Since Celtic Christian times Pennard, in one of the best farming areas on the south coast of Gower and long attractive for settlement, is likely to have seen several places of worship on different sites. In the late C13 a church dedicated to St Mary had been built near Pennard Castle but, after several sand inundations, this was finally abandoned in the C16. Its ruins can be seen today on Pennard Burrows. Today’s church, long thought to have been built on the site of a chantry or private chapel, then became the parish church and was dedicated to St Mary. It is thought that parts of the old besanded church were incorporated into the present structure but also that other architectural features from the C13 to C16 suggest an earlier date for part of the present church.
With the arrival in the early C12 of the first Norman Lord of Gower, the Earl of Warwick, the advowson (living) of several Gower churches, including Pennard were granted to the Abbey of St Taurin at Evreux in Normandy. By 1414 all links with Normandy were severed and in 1441 the tithes (revenues) were given as part of the endowments to the newly- built All Souls, Oxford. They remained there until 1838 when Thomas Penrice of Kilvrough exchanged them with his lands in Northampton.
The church consists of chancel, nave, small north transept and embattled west tower. As in several other C13 Gower churches, the window area is small, suggesting an early date for the building. Two lancet windows in the chancel, one of which is decorated with ‘dog-tooth’ moulding on its hood, confirm this. Other signs of a mediaeval church include – a double aumbry and a priest’s door in the chancel as well as a north door and blocked window in the nave. The east window of two lights is a splendid example of C15 craftsmanship. The ‘dog rails’ (altar rails) were introduced by Archbishop Laud in 1644 to protect the altar from ‘defilement’ by dogs which often accompanied their masters to church. Above the chancel arch is a board upon which a set of Royal Arms is placed with the Lord’s Prayer, Creed and Ten Commandments below. This is believed to be late Victorian. The elaborately carved font bowl of polished Purbeck stone is thought by some church historians to have originally been an ancient stoup for holding holy water but now sits on what appears to be a millstone with a Greek cross at the base. Its suspended cover is Jacobean which is also the date of the fine woodwork in the pulpit.

A short north transept, formerly the pew of the Penrice and Lyons family from Kilvrough, has housed the present organ since 1924. The nave has a fine barrel roof and at the west end is a gallery, one of few remaining in Gower churches today. Here the musicians performed, accompanied by a organ, which is now is in the Museum of Wales at St Fagan’s. The front beam of the gallery was originally that which had held the Rood – old English for the life-sized ‘Cross’. This had been moved at the Reformation from its position on the chancel arch, above the screen which separated the priest in the chancel from the parishioners in the nave.

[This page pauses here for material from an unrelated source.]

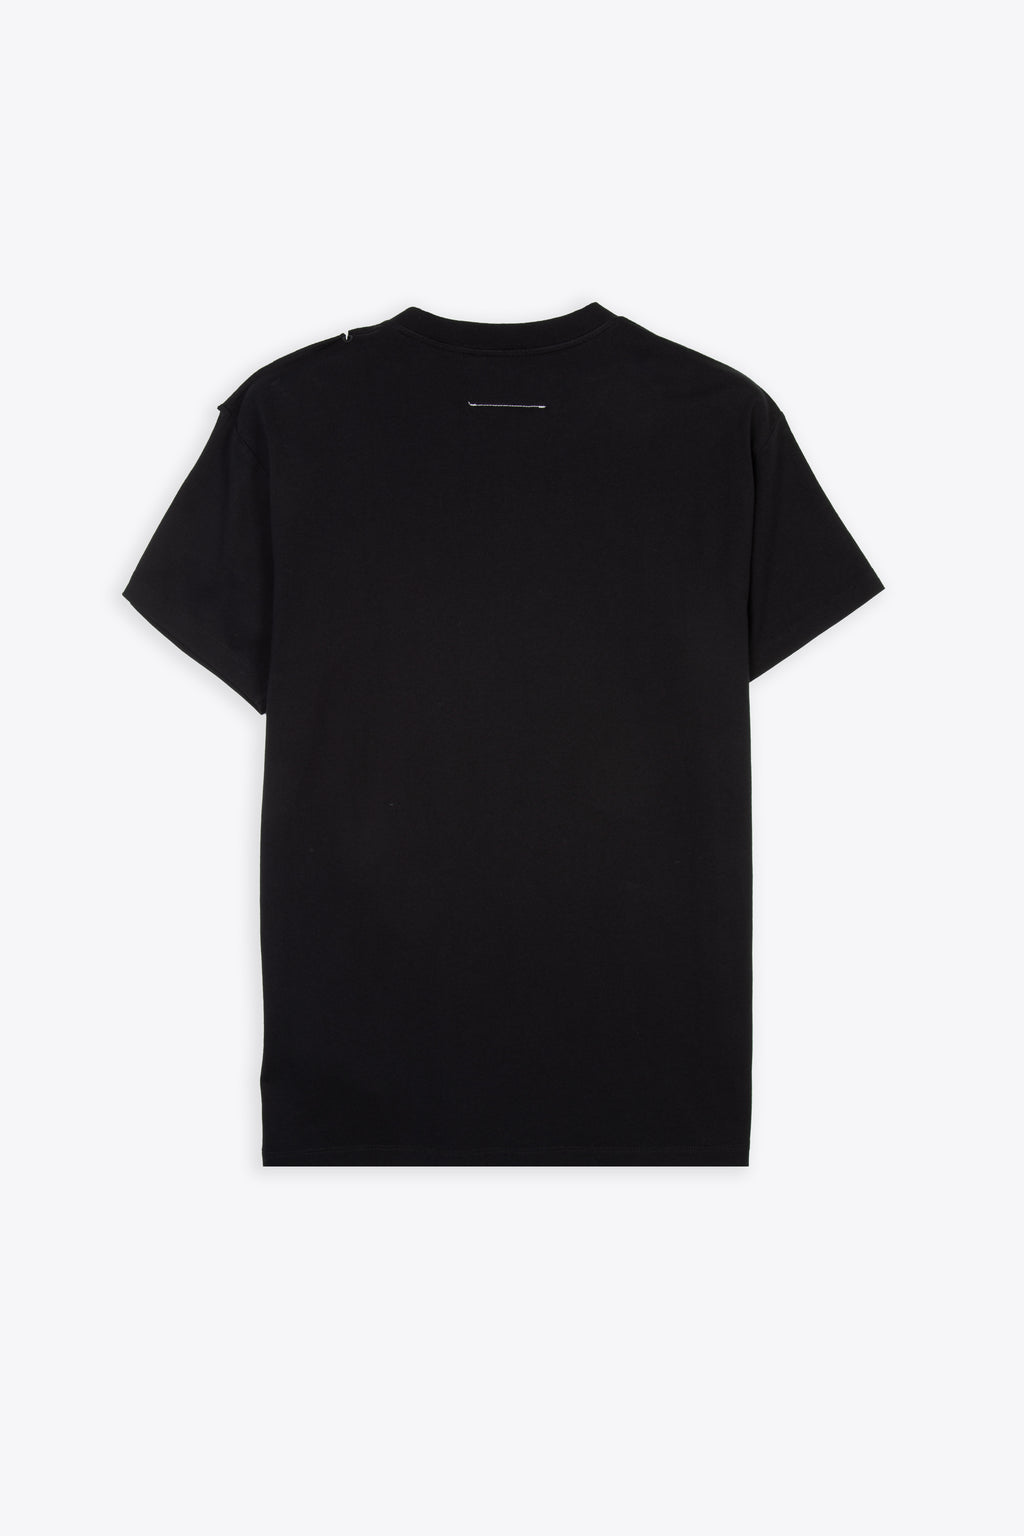 alt-image__Black-cotton-t-shirt-with-open-shoulder-

The embattled west tower is small in comparison with the towers of other churches. The upper portion of the tower overlaps the bottom half giving the impression that it was constructed at a later date. The tower houses two bells both by W Evans, Chepstow, dated 1737, one bearing the inscription ‘Pennard Parish’ and the other ‘Roland Daukin’, from a local landowning family. Sadly in 2009 the latter bell, weighing 200lbs (91kg) broke and fell down the tower stairway.

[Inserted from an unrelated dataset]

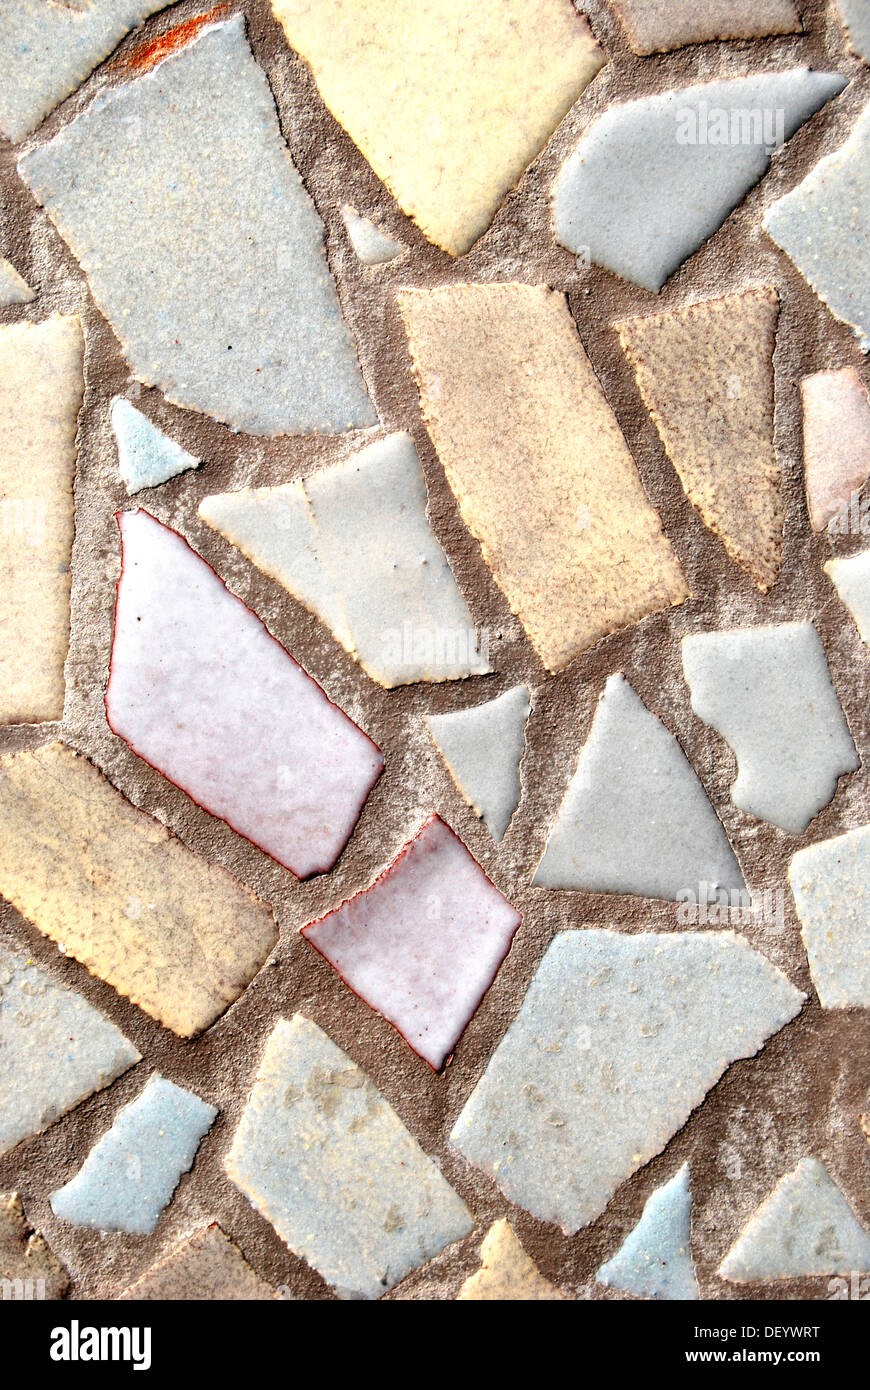 Mosaik aus gebrochenen Fliesen in Pastellfarben Stockfoto

To mark the new Millennium a stained glass design for the south wall window was drawn and painted by local artist John Edwards, associated with the architectural stained glass department at Swansea College of Art and with Celtic Studios. There are two sections. The upper part expresses Gower’s long Christian history; the lower part celebrates God’s creation in Gower with particular reference to Pennard and to well-known local views. On the walls are memorial tablets to those who gave their lives in both world wars as well as one to the celebrated local poet Vernon Watkins. A friend of Dylan Thomas, he died in 1967 and had been a member of the congregation. Local born poet Harri Webb is buried in the church yard.